A fast bit-parallel multi-patterns string matching algorithm for biological sequences

  • Authors:
  • Rajesh Prasad;Suneeta Agarwal;Ishadutta Yadav;Bharat Singh

  • Affiliations:
  • Motilal Nehru National Institute of Technology, Allahabad, India;Motilal Nehru National Institute of Technology, Allahabad, India;Motilal Nehru National Institute of Technology, Allahabad, India;Motilal Nehru National Institute of Technology, Allahabad, India

  • Venue:
  • ISB '10 Proceedings of the International Symposium on Biocomputing
  • Year:
  • 2010

Quantified Score

Hi-index 0.00

Visualization

Abstract

The problem of searching occurrences of a pattern P[0...m-1] in the text T[0...n-1with m ≤ n, where the symbols of P and T are drawn from some alphabet Σ of size σ, is called exact string matching problem. In the present day, pattern matching is a powerful tool in locating nucleotide or amino acid sequence patterns in the biological sequence database.

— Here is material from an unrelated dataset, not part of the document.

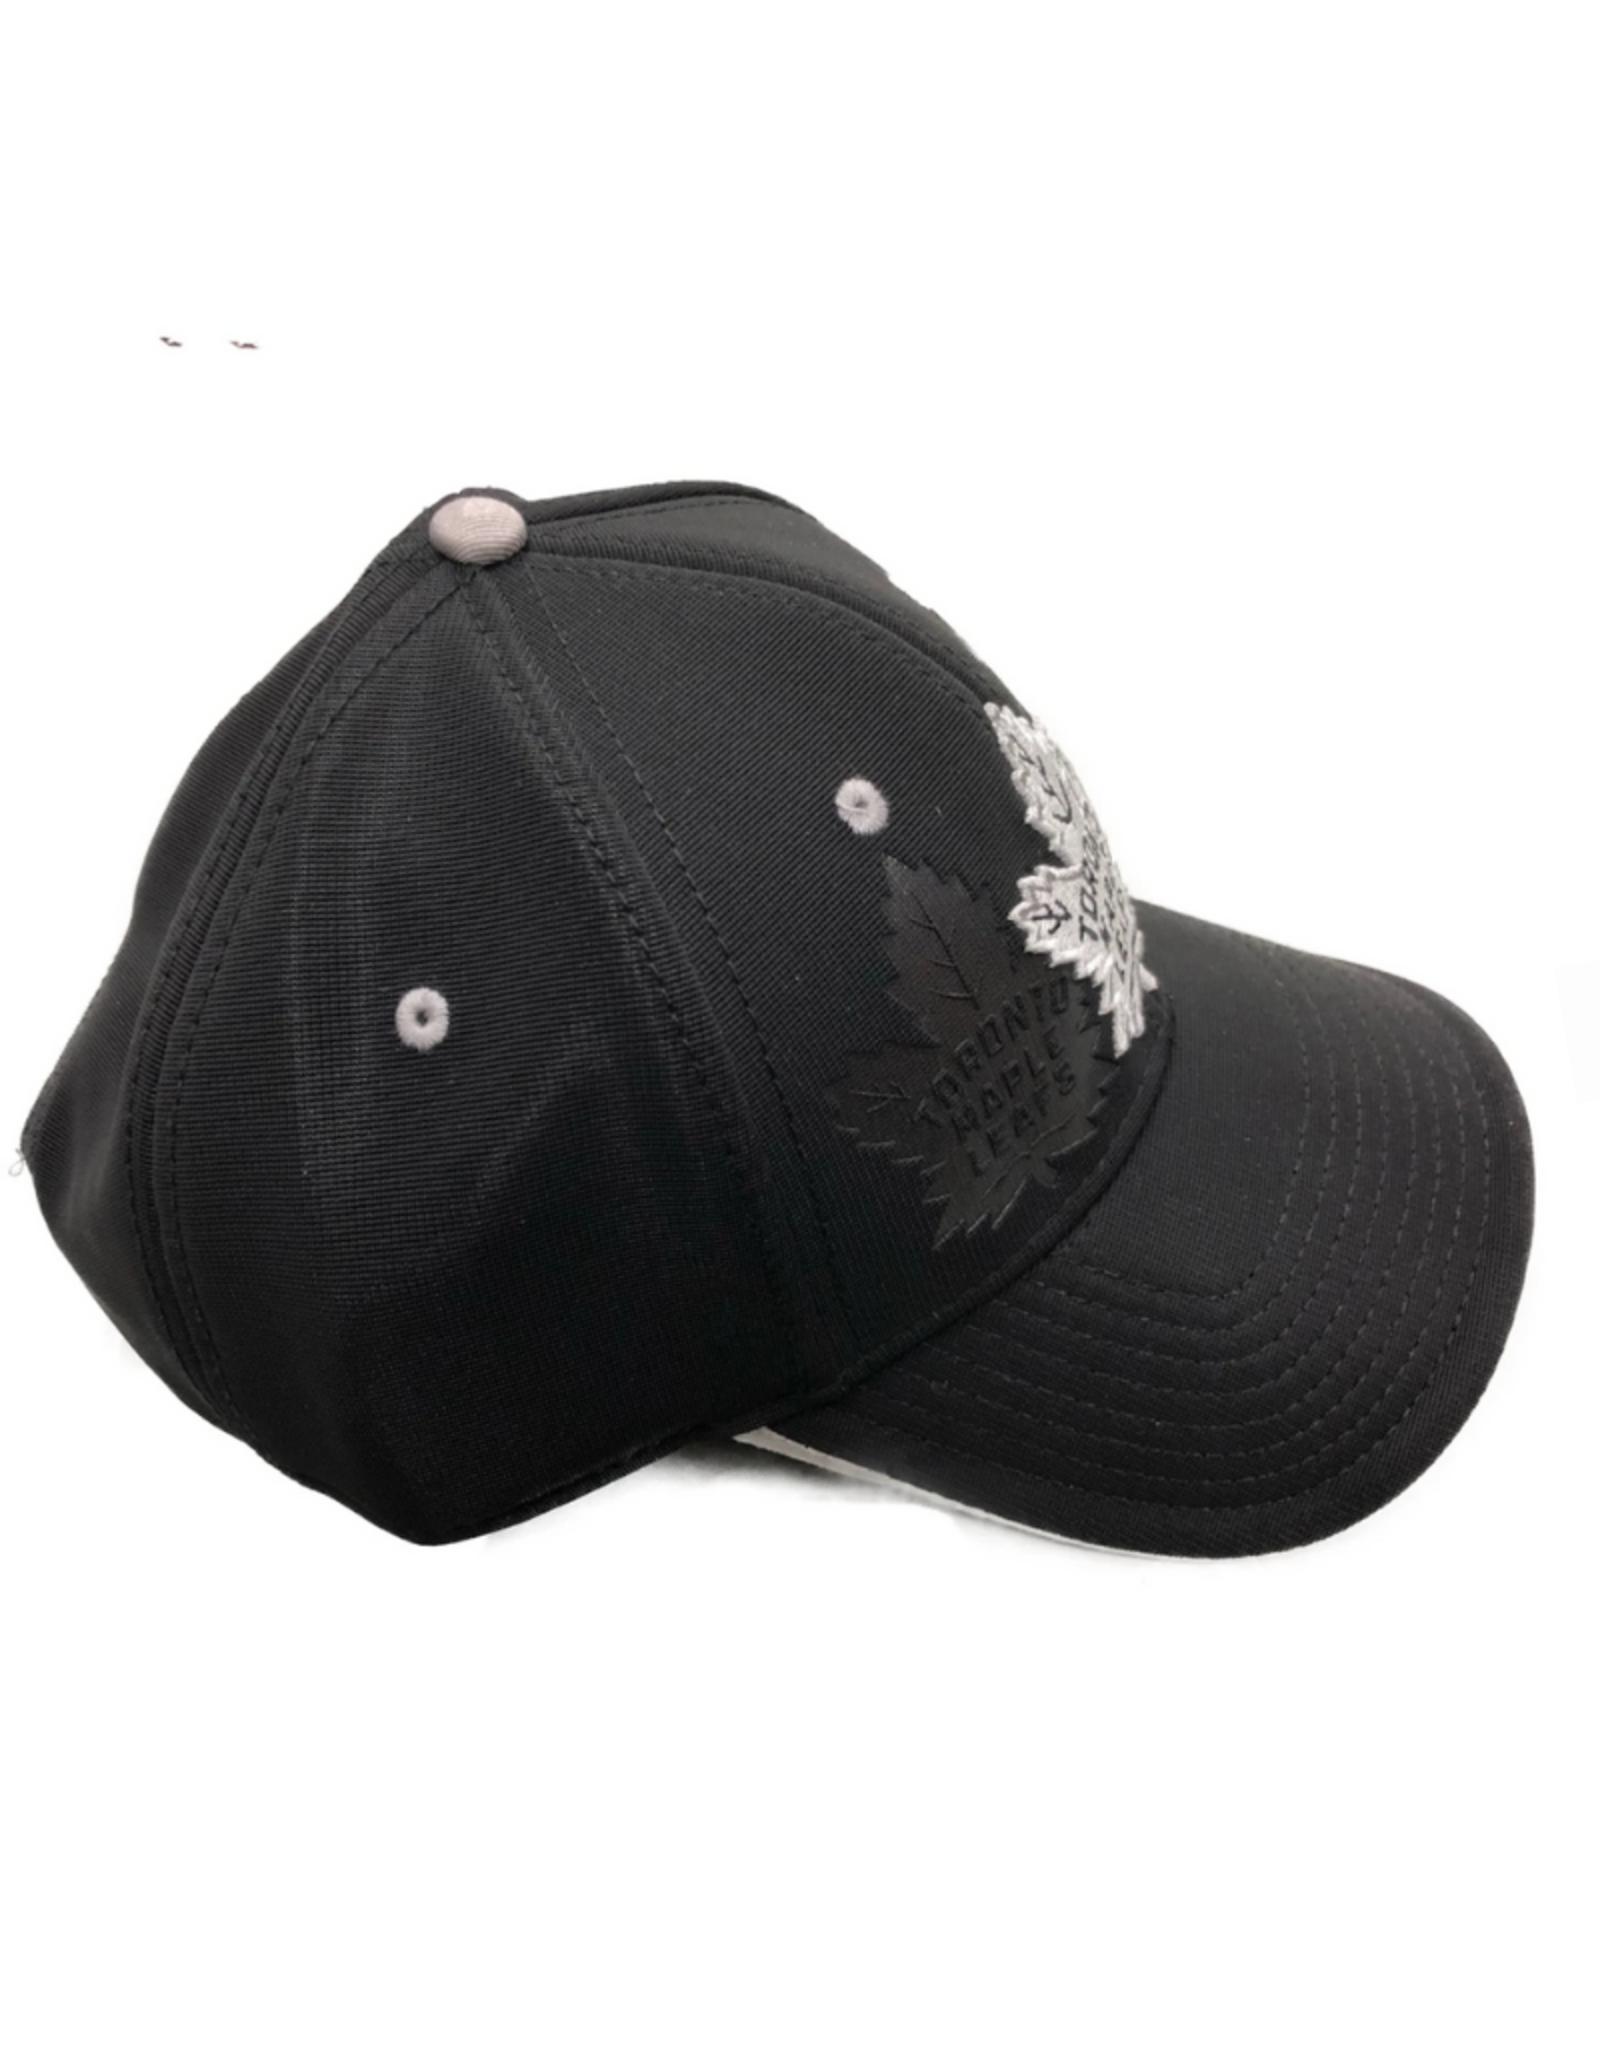 American Needle American Needle Men's Platinum DeBoss Adjustable Hat Toronto Maple Leafs Black

The problem of searching a set of patterns P0, P1, P2...Pr-1, r ≥ 1, in the given text T is called multi-pattern string matching problem. The multi-patterns string matching problem has been previously solved by efficient bit-parallel strings matching algorithms: shift-or and BNDM. Many other types of algorithms also exist for the same purpose, but bit-parallelism has been shown to be very efficient than the others. In this paper, we extend BNDM algorithm with q-gram (B. Durian et al., 2008) for multiple patterns, where each multi-patterns are any DNA patterns. We assume that each pattern is of equal size m and total length of pattern is less than or equal to word length (w) of computer used. Since BNDM algorithm has been shown to be faster than any other bit-parallel string matching algorithm (G. Navarro, 2000), therefore, we compare the performance of multi-patterns q-gram BNDM algorithm with existing BNDM algorithm for different value of q and number of patterns (r).